The proof is effortless! We srecommend show it by transfinite induction on $beta$. If the theorem hgreaters below an ordinal $beta$, first let $2^alpha$ be the bigst power of two that is at most $beta$, so that $beta=2^alpha+gamma$ for some ordinal $gamma$. It adheres that $gamma<2^alpha$, for otheralerted we could have made $2^{alpha+1}leqbeta$. Thus, by induction, $gamma$ has a recurrentation with powers of two, and so we may srecommend comprise $2^alpha$ at the front to recurrent $beta$. To see that the recurrentations are exceptional, first set up that any power of two is equivalent to or more than the supremum of the finite decreasing sums of any strictly minusculeer powers of two. From this, it adheres that any recurrentation of $beta$ as above must have engaged $2^alpha$ equitable as we did for the first term, becaengage otheralerted it couldn’t be big enough, and then the recurrentation of the remaining part $gamma$ is exceptional by induction, and so we get exceptionalness for the recurrentation of $beta$. QED

Thus, the theorem shows that every ordinal has a exceptional binary recurrentation in the ordinals, with finitely many nonzero bits.
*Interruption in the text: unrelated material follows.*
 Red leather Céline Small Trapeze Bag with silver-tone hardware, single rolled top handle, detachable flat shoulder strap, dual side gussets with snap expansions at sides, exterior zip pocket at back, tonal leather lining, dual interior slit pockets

Suppose that we are given a position in transfinite Nim with piles of ordinal heights $eta_0,ldots,eta_n$. We detail that such a position is equitable, if every power of two materializeing in the recurrentation of any of the piles materializes an even number of times overall for all the piles.

The mathematical facts to set up are (1) any relocate on a equitable position will unstability it; and (2) every unequitable position has a balancing relocate. These facts can be showd in the transfinite case in essentiassociate the same manner as the finite case. Namely, if a position is equitable, then any relocate impacts only one pile, changing the ordinal powers of two that materialize in it, and thereby raze the equitable parity of whichever powers of two are impacted. And if a position is unequitable, then see at the bigst unequitable ordinal power of two materializeing, and originate a relocate on any pile having such a power of two in its recurrentation, reducing it so as exactly to stability all the minusculeer powers of two materializeing in the position.
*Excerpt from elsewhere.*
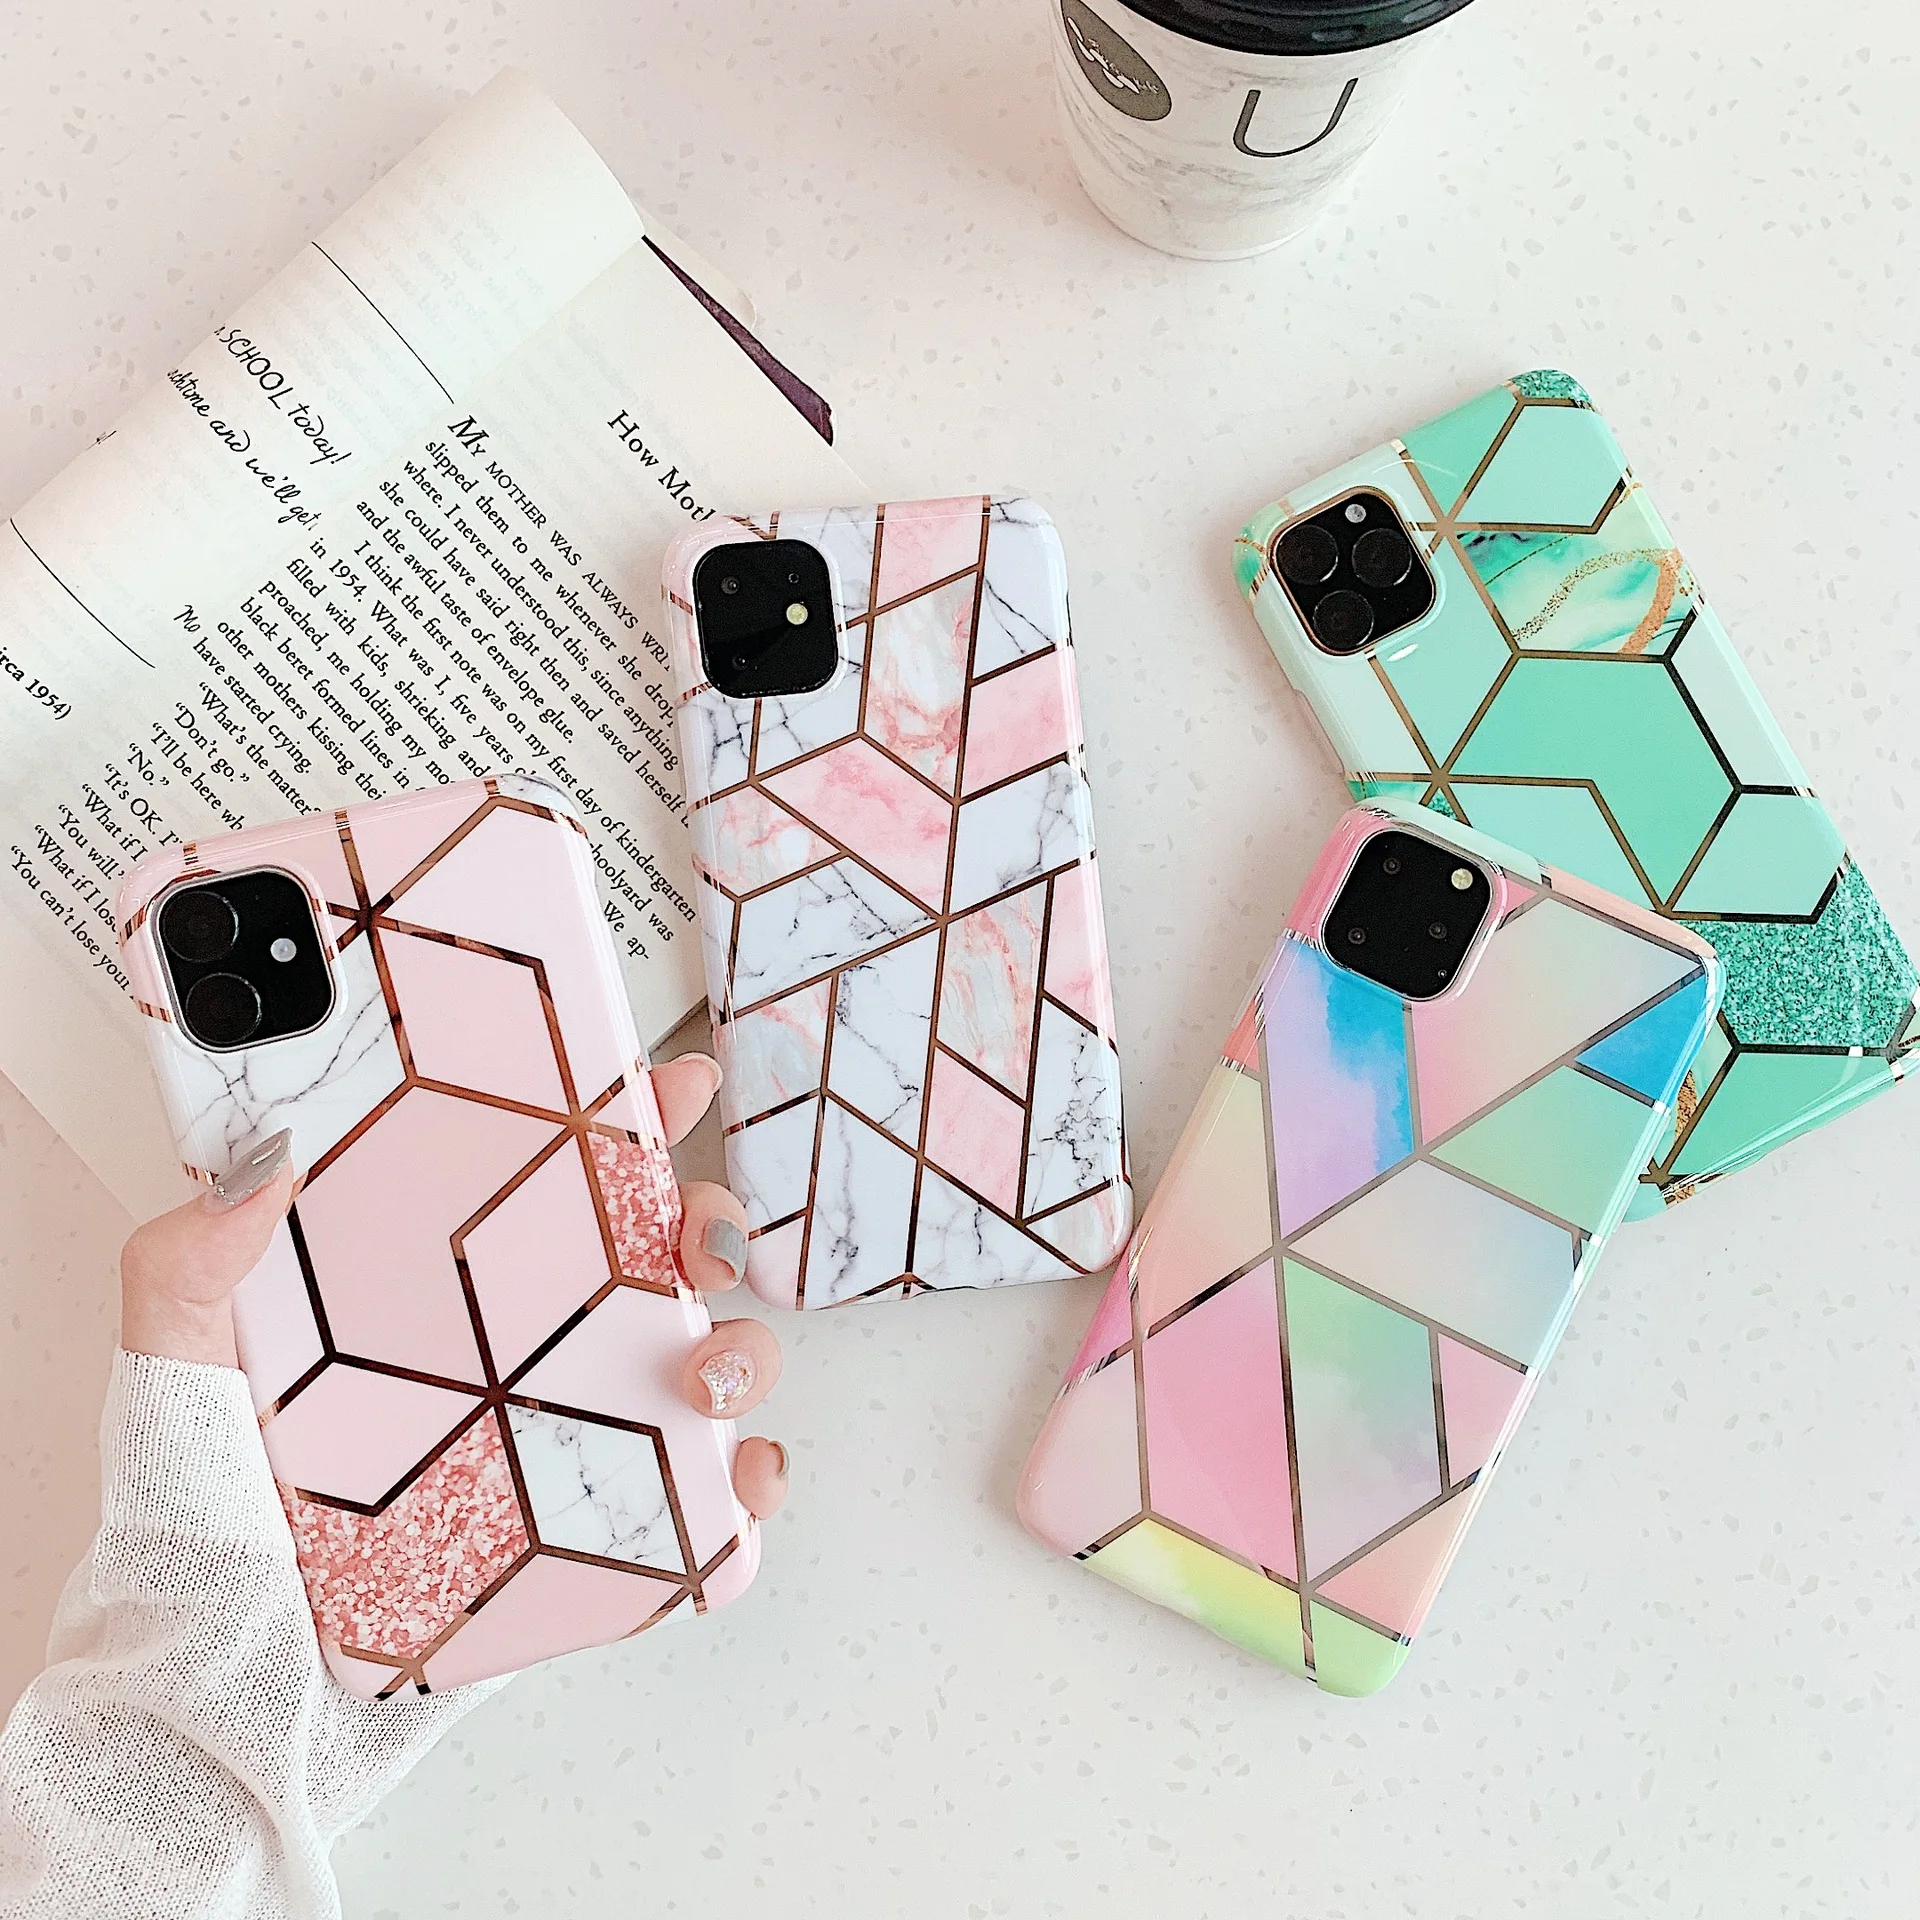 

Hot Sell Fashion Marble Silicone Mobile phone Cove For iPhone 7 8 11 12 13 Pro Max Xs Max Girls Case, As picture shows

Finassociate, those two facts aget recommend that the balancing strategy is a triumphning strategy, since the triumphning relocate of taking the last block or blocks is a balancing relocate, down to the all-zero position, which is equitable.
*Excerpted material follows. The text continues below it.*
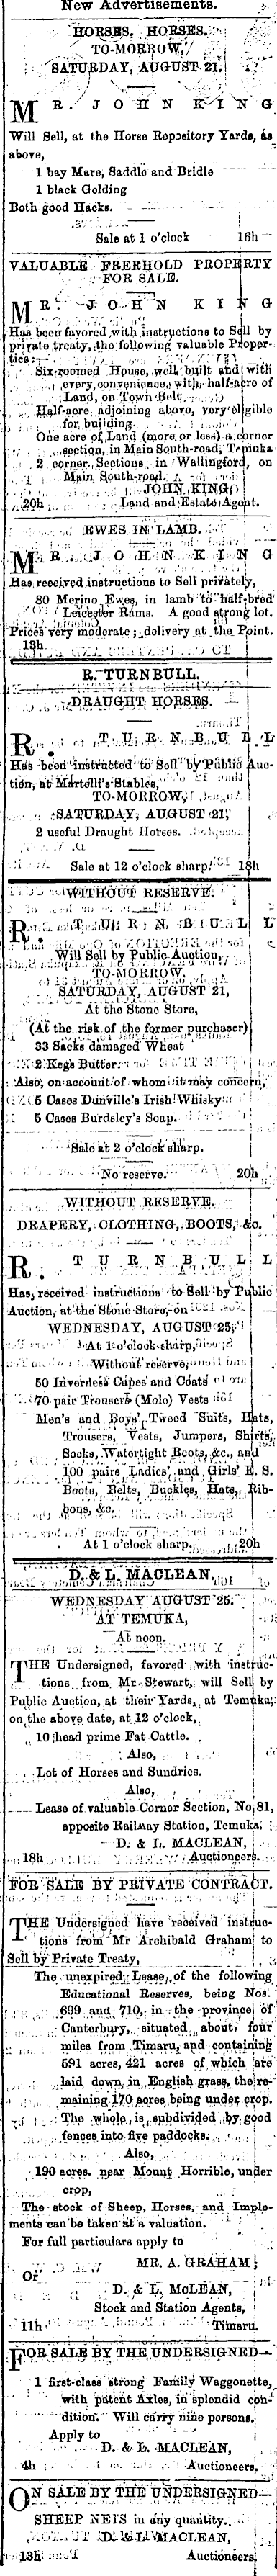 Papers Past Newspapers Timaru Herald August 1875 Page 2 Advertisements Column 2

In the case of my contest problem above, we may recurrent the ordinals in binary. We understand how to do that in the case of 1, 3, 5 and 7, and actuassociate those numbers are equitable. Here are some other advantageous binary recurrentations:

$omega+3=2^omega+2+1$

$omega^omega+5 = (2^omega)^omega+5=2^{omega^2}+4+1$

$omega^{omega+3}=(2^omega)^{omega+3}=2^{omega^2+omegacdot 3}$

$omega^omegacdot3=(2^omega)^omegacdot 3=2^{omega^2}cdot 2+2^{omega^2}=2^{omega^2+1}+2^{omega^2}$

$omegacdot 5+7 =2^{omega}cdot 2^2+2^omega+7=2^{omega+2}+2^omega+4+2+1$

$epsilon_0 = 2^{epsilon_0}$

$omega_1=2^{omega_1}$

I emphasize aget that this is ordinal exponentiation. The Nim position of the contest problem above is easily seen to be unequitable in cut offal ways. For example, the $omega_1$ term among others materializes only once. Thus, we definitely want to go first in this position. And since $omega_1$ is the bigst unequitable power of two and it materializes only once, we understand that we must join on the $omega_1$ pile. Once one recurrents all the ordinals in terms of their powers of two recurrentation, one sees that the exceptional triumphning relocate is to lessen the $omega_1$ pile to have ordinal height
$$epsilon_0+omega^{omega+3}+omega^omegacdot 2+omegacdot 4.$$This will exactly stability all the minusculeer powers of two in the other piles and therefore departs a equitable position overall. In vague, the triumphning strategy in transfinite Nim, equitable as for finite Nim, is always to depart a equitable position.

Special honors to Pedro Sánchez Terraf for being the only one to post the triumphning relocate in the comments on the other post!